Монография Ю. Е. Березкина, представляющая собой сравнительное исследование путей обществ Нуклеарной Америки и Ближнего Востока к первичному государству и максимально полно учитывающая самые последние западные исследования, безусловно, на долгие годы станет настольной книгой исследователей первых цивилизаций.

Ключевые слова: нуклеарная Америка, индейские цивилизации, политогенез.

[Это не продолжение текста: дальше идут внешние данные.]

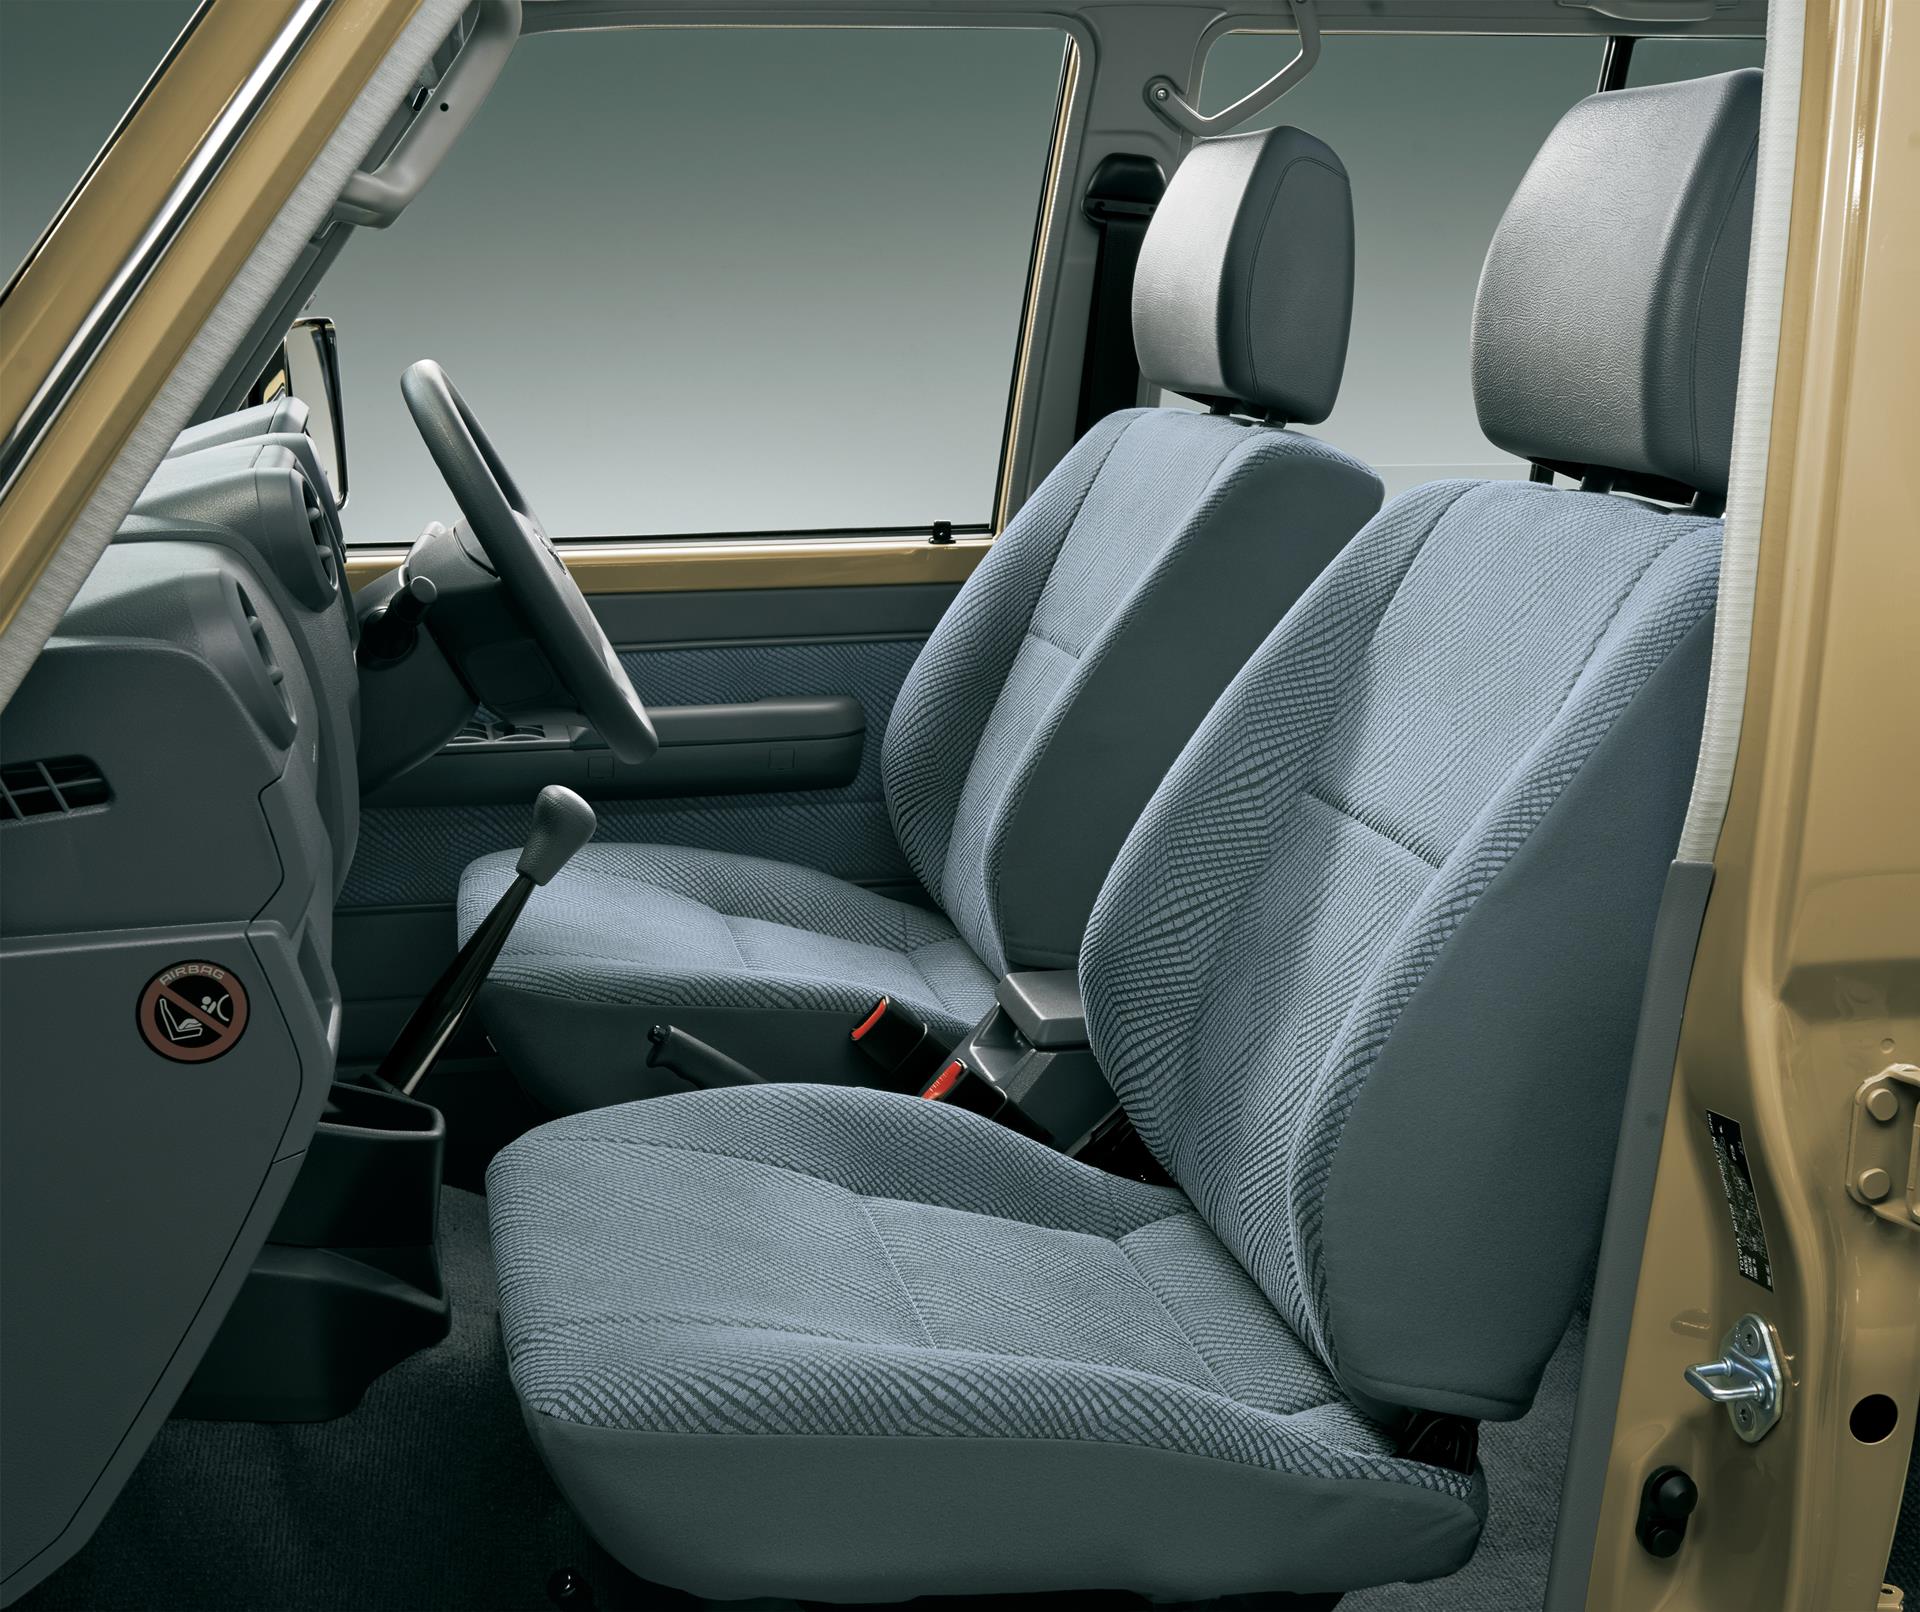 Land Cruiser 70 van interior (Japan commemorative re-release; with options)

The new monograph by Yuri E. Berezkin represents a comparative analysis of the emergence of first civilization in Sothern America and the Old World. It involves the recent data discovered by the archeologists, which help reconsider some traditional views.

Keywords: Nuclear America, first Indian civilizations, politogenesis.

Монография Ю. Е. Березкина (2013) вызывает интерес уже потому, что после долгого перерыва автор вернулся к древним индейским цивилизациям Нуклеарной Америки. Впрочем, предыдущие публикации (Березкин 2007; Васильев и др. 2009) свидетельствуют, что он не очень далеко уходил от этой темы.

За время, истекшее после выхода книги об истории империи Инков (Березкин 1991), наши знания о древних цивилизациях, в том числе – и даже в первую очередь – о цивилизациях Нуклеарной Америки, существенно изменились. По справедливому замечанию Ю. Е. Березкина, «прогресс исследований, осуществленных за последнее время, огромен. Для всех трех основных очагов политогенеза (Передняя Азия, Китай, Нуклеарная Америка) датировки появления сложных обществ значительно удревнились, а степень разрешения в описании археологических культур повысилась» (Он же 2013: 8). Львиная доля этой работы была проделана западными учеными, но результаты их трудов малодоступны в постсоветском мире.

Новая монография, максимально учитывающая самые последние западные изыскания, – практически единственная возможность восполнить этот пробел для русскоязычных исследователей первых цивилизаций. И уже по этой причине она на долгие годы станет их настольной книгой.

Но этим ее значение отнюдь не исчерпывается. Не меньший, если не больший интерес представляет то, что автор построил свою работу как сравнительное исследование цивилизаций Нуклеарной Америки и Ближнего Востока (исследования последних легче находят дорогу к русскоязычному читателю, но и здесь «некоторые открытия пока известны лишь немногим специалистам» [березкин 2013: 9])[1], а точнее – как сравнительное исследование путей этих двух регионов к государству.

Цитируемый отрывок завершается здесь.